Franco Mettler, Klarinette, und Laura Zangger, Violine, entlockten ihren Instrumenten Töne, die so vielfältig und emotional wie menschliche Stimmen klangen.
Michel Estermann brachte mit seiner Gitarre Rhythmus in die Stücke, die oft langsam und melancholisch beginnen und dann in wilde, schnelle Rhythmen übergehen.

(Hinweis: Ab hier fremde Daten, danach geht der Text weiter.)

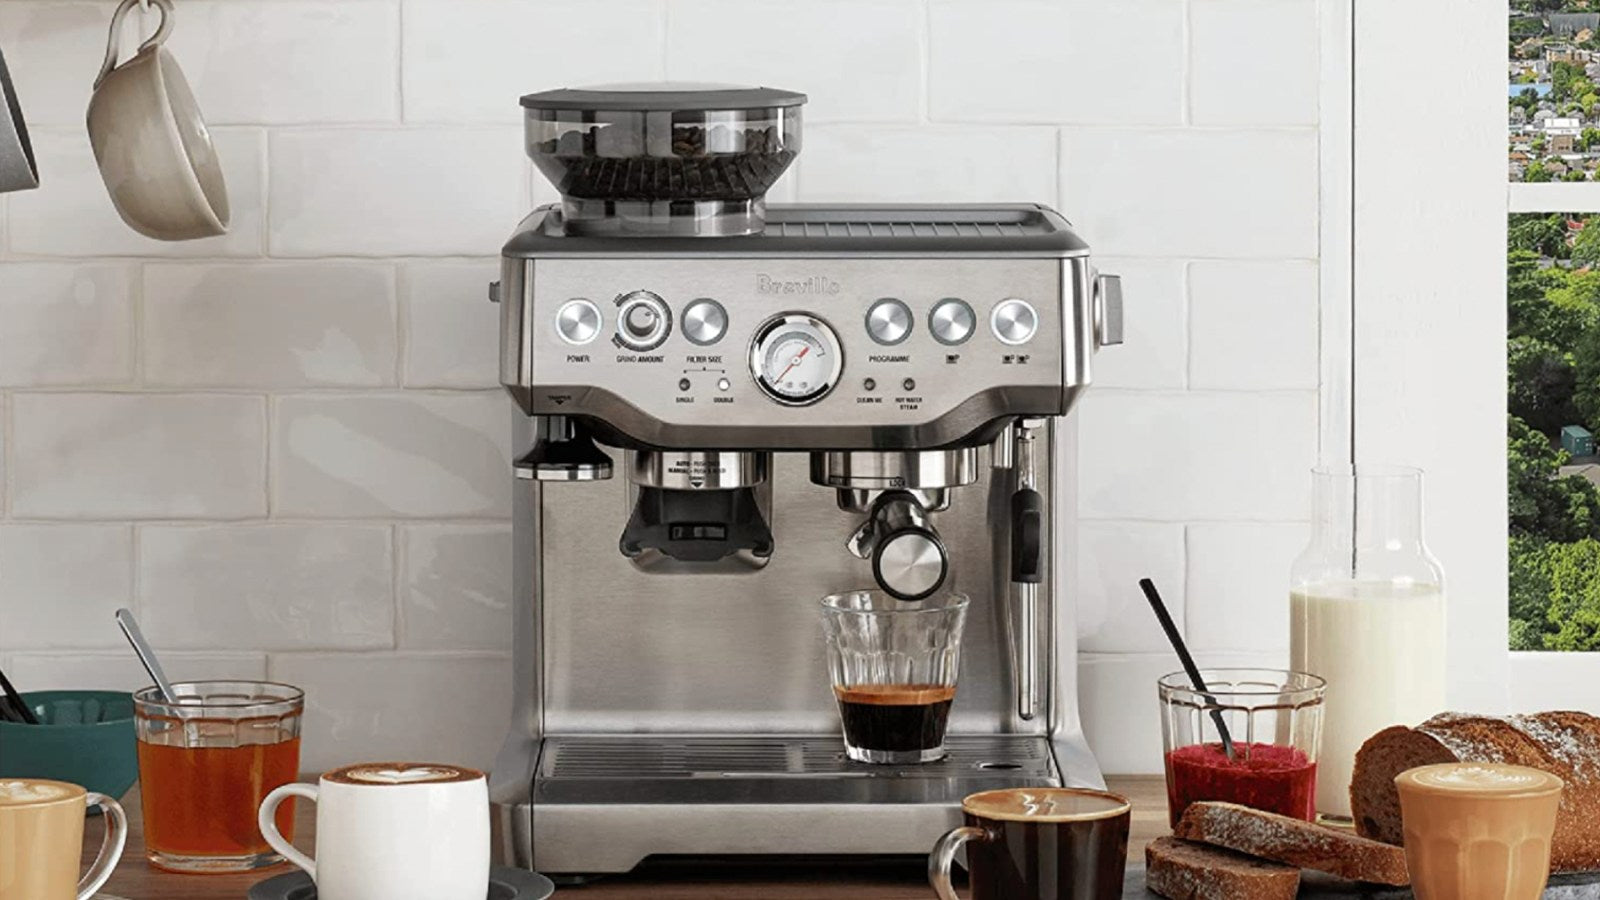 Espresso Machine Gift Ideas: Finding the Perfect Present for Coffee Lovers

Rees Coray unterlegte mit seinem Kontrabass die Musik, liess aber auch sein grosses Instrument zupfend und streichend die Stimmung prägen. Klezmer Musik ist angelehnt an den Gesang des Chasan, des Vorbeters in einer Synagoge oder jüdischen Gemeinde und an paraliturgischen Gesang. Es gibt krekhts, «Schluchzen», und dreydlekh, eine Art Triller. Triller sind auf Klarinette, Kontrabass und Geige einfach zu bewerkstelligen. Die Streicher erzielen den Effekt durch «Glissando», durch das Gleiten des Fingers von einer Tonhöhe zur nächsten. Franco Mettler brachte auch seine Klarinette zum Schluchzen – er ist ein Virtuose der Klezmer Musik. Er hat schon mehrere Stücke mit Jaap Achterberg zusammen gestaltet. Beispielsweise «Hiob – Die Geschichte eines einfachen Mannes» und «Achterberg singt Jacques Brel» kamen in der Buchhandlung Scheidegger in Zusammenarbeit mit KulturAffoltern zur Aufführung.
Gesungen hat Achterberg auch am vergangenen Samstag – eine Ballade als Zugabe. Er ist neben dem künstlerischen Schaffen als Sprecher für die SBS Schweizerische Bibliothek für blinde und sehbehinderte Menschen im Hörbuchstudio ZH tätig.
Achterberg hat in Affoltern sein Stammpublikum, der Anlass fand in der Halle der AVA Verlagsauslieferung hinter dem Buchladen statt, um die Zahl begeisterter Besucherinnen und Besucher fassen zu können.
Zu hoffen ist, dass KulturAffoltern und die Buchhandlung Scheidegger auch 2024 einen Anlass mit Jaap Achterberg organisieren werden.